Problem description – Your job is to give again, exactly and with no additions, the lines in the records below from the one with "Consumo de energía" through the one with "Bebecroc Crochet Flower", both included. Omit the pictures.
*** Input data ***
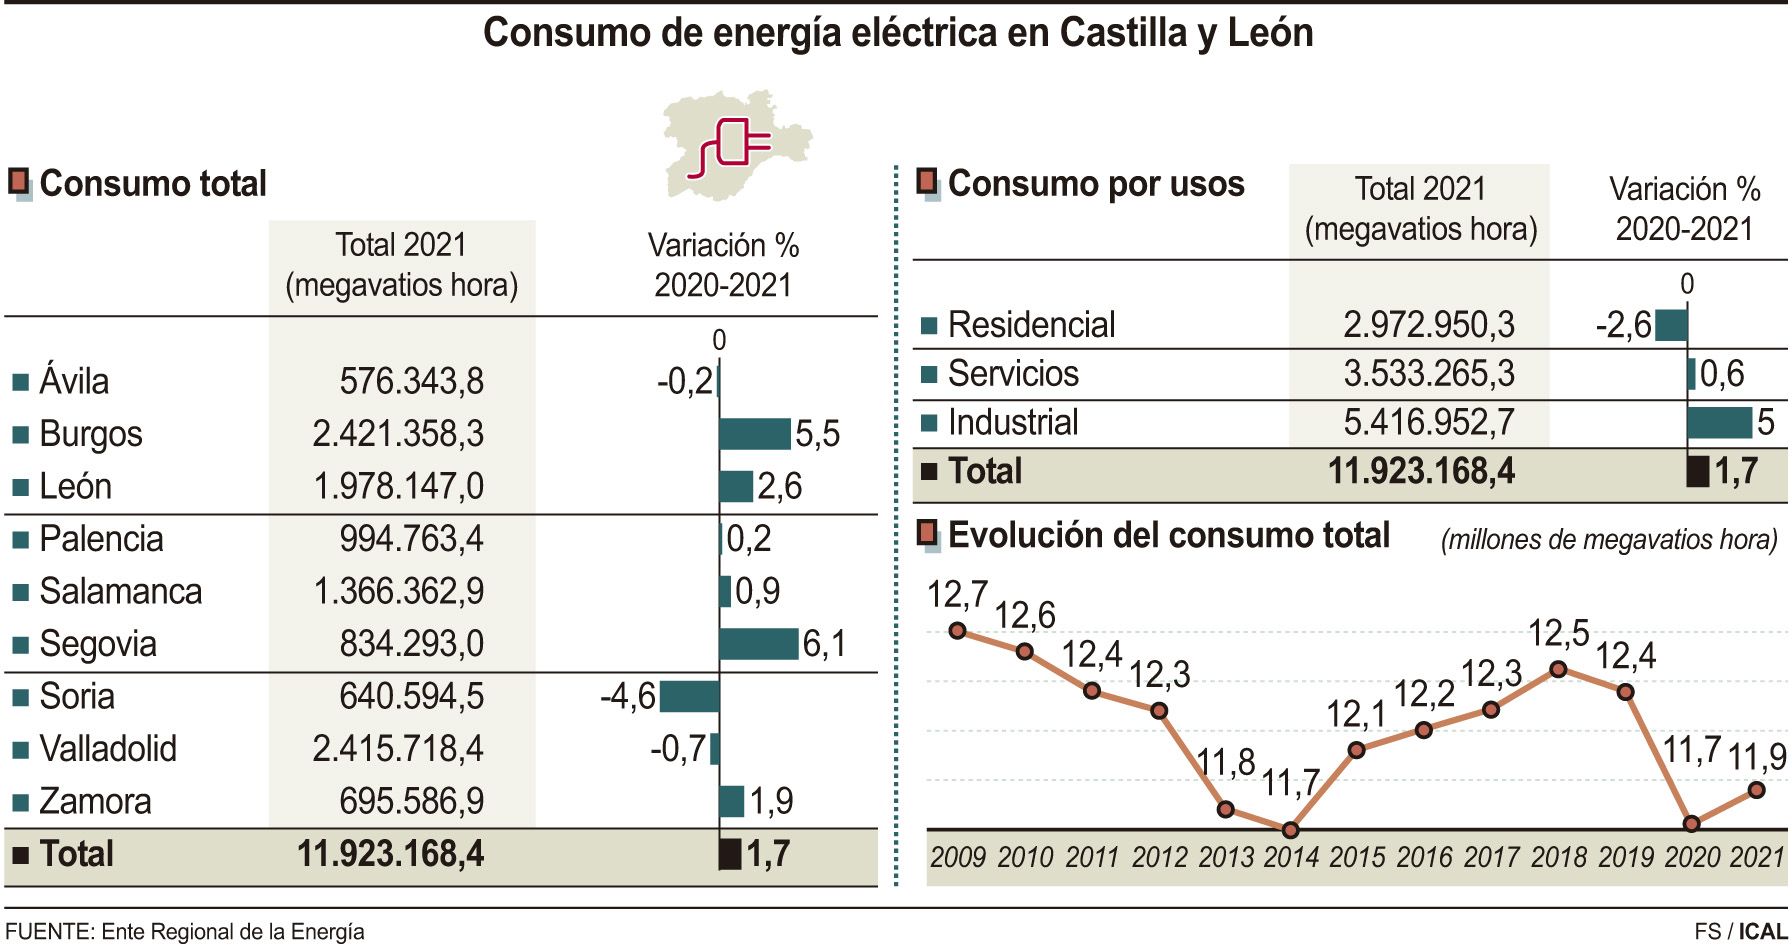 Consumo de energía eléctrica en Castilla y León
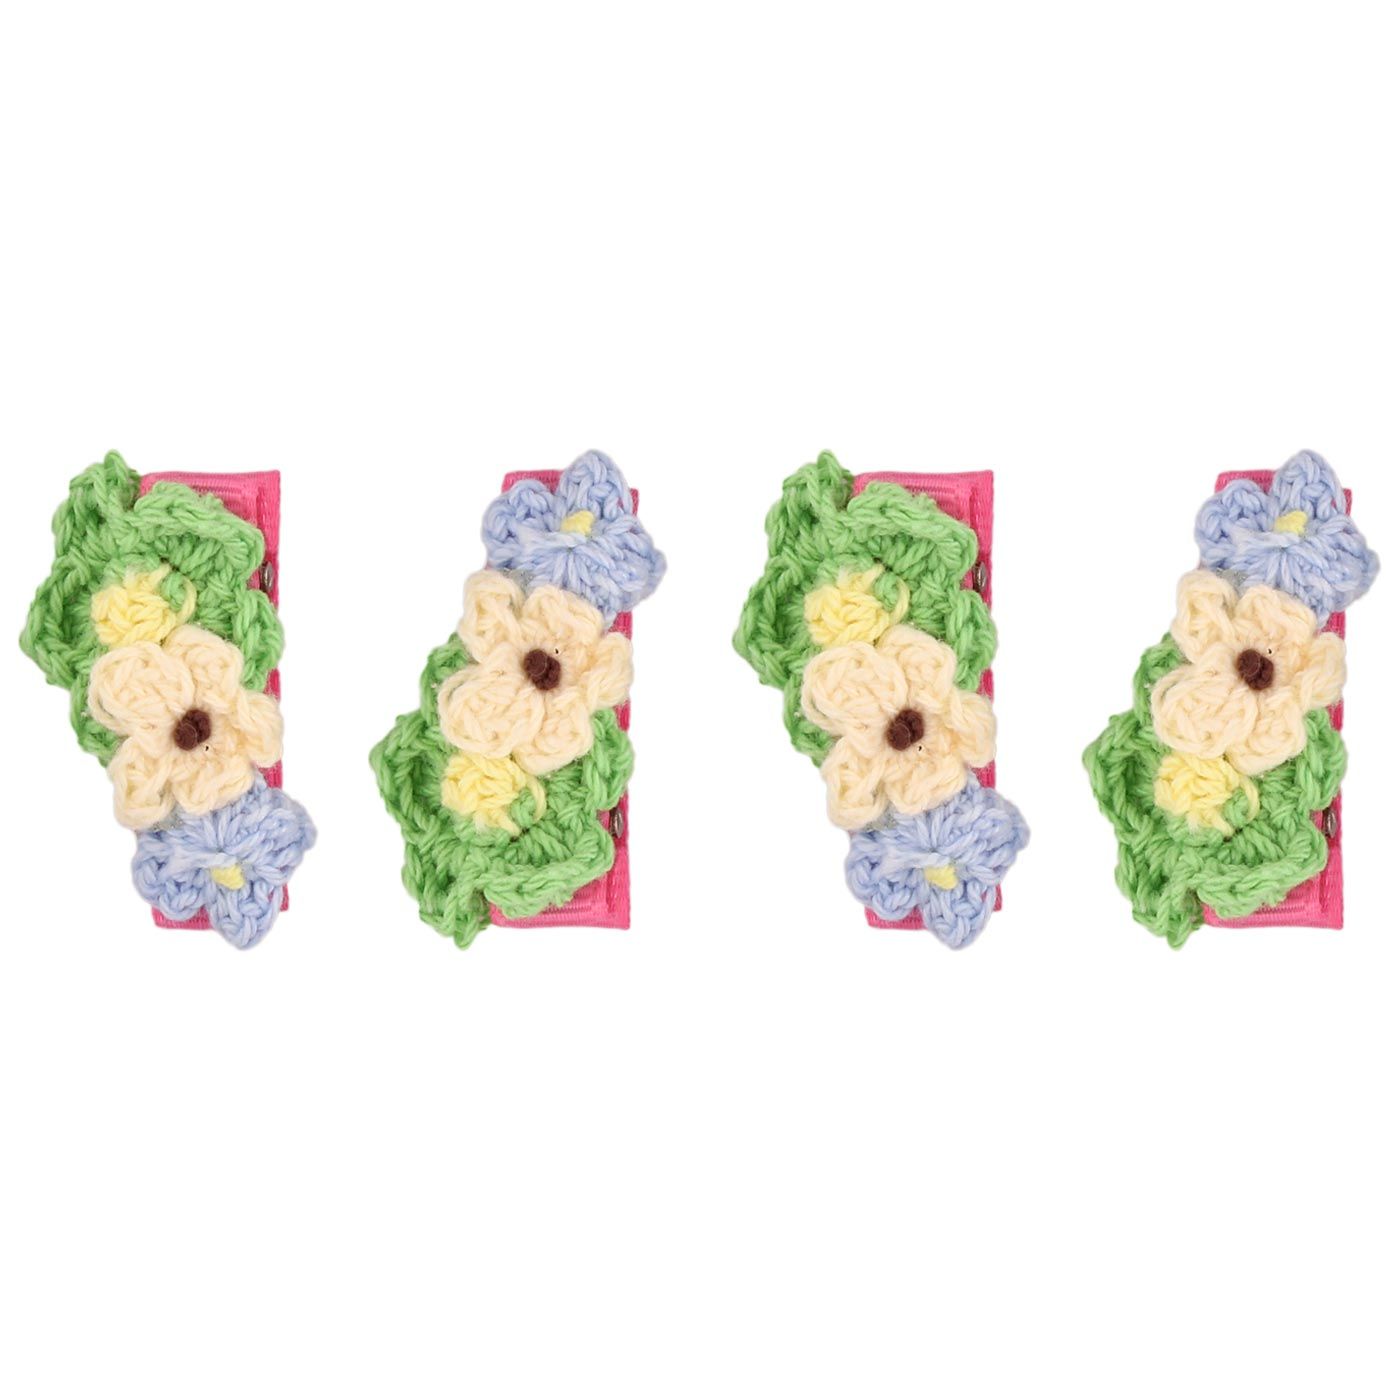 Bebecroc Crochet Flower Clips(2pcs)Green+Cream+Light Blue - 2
*** End of Input data ***
*** Input data ***
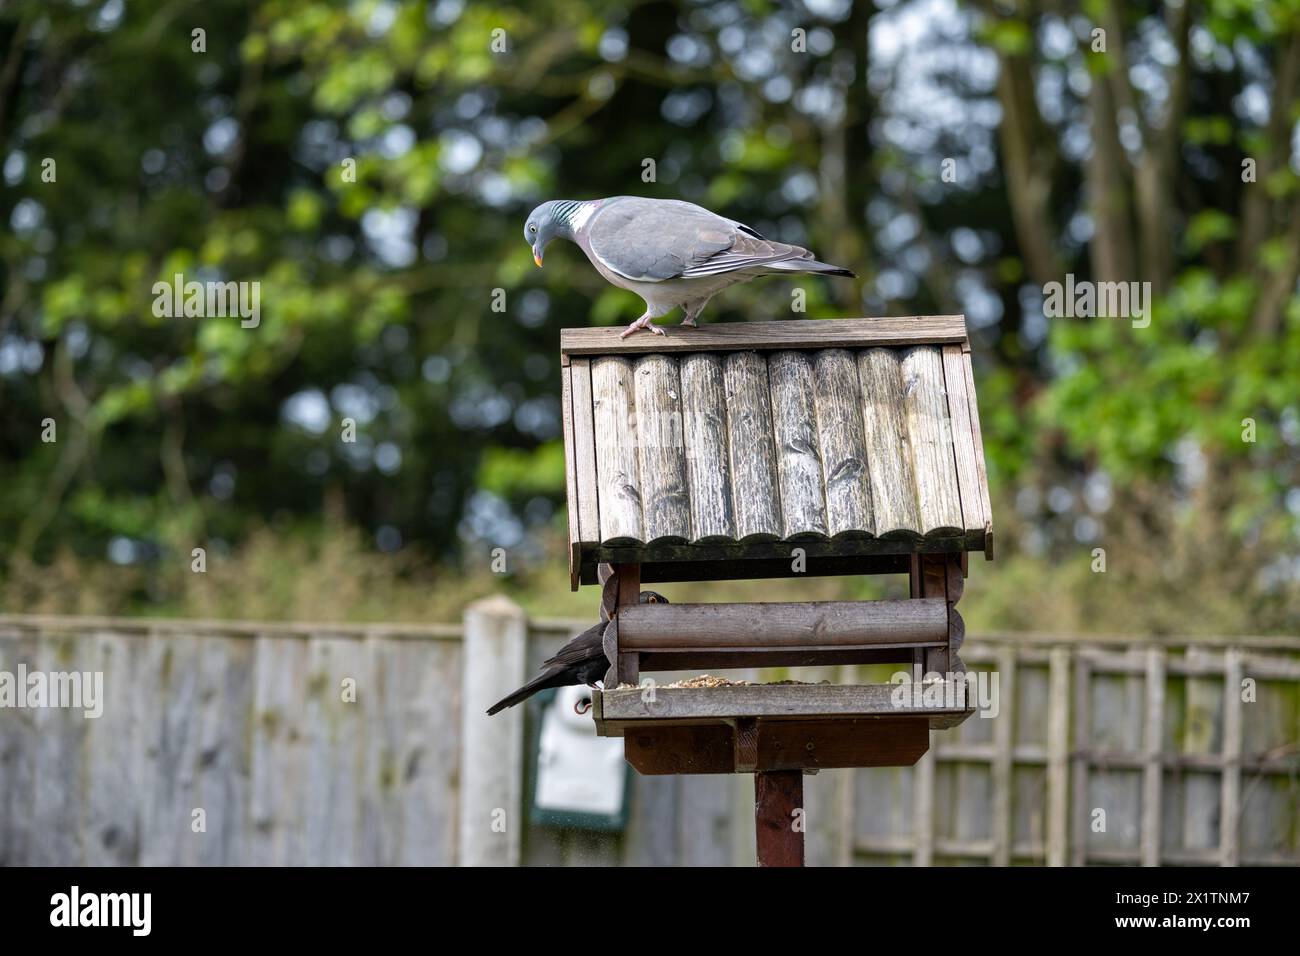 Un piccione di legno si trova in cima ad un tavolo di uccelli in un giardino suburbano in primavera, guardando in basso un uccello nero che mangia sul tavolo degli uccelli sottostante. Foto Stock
*** End of Input data ***
Response area –
 Consumo de energía eléctrica en Castilla y León
 Bebecroc Crochet Flower Clips(2pcs)Green+Cream+Light Blue - 2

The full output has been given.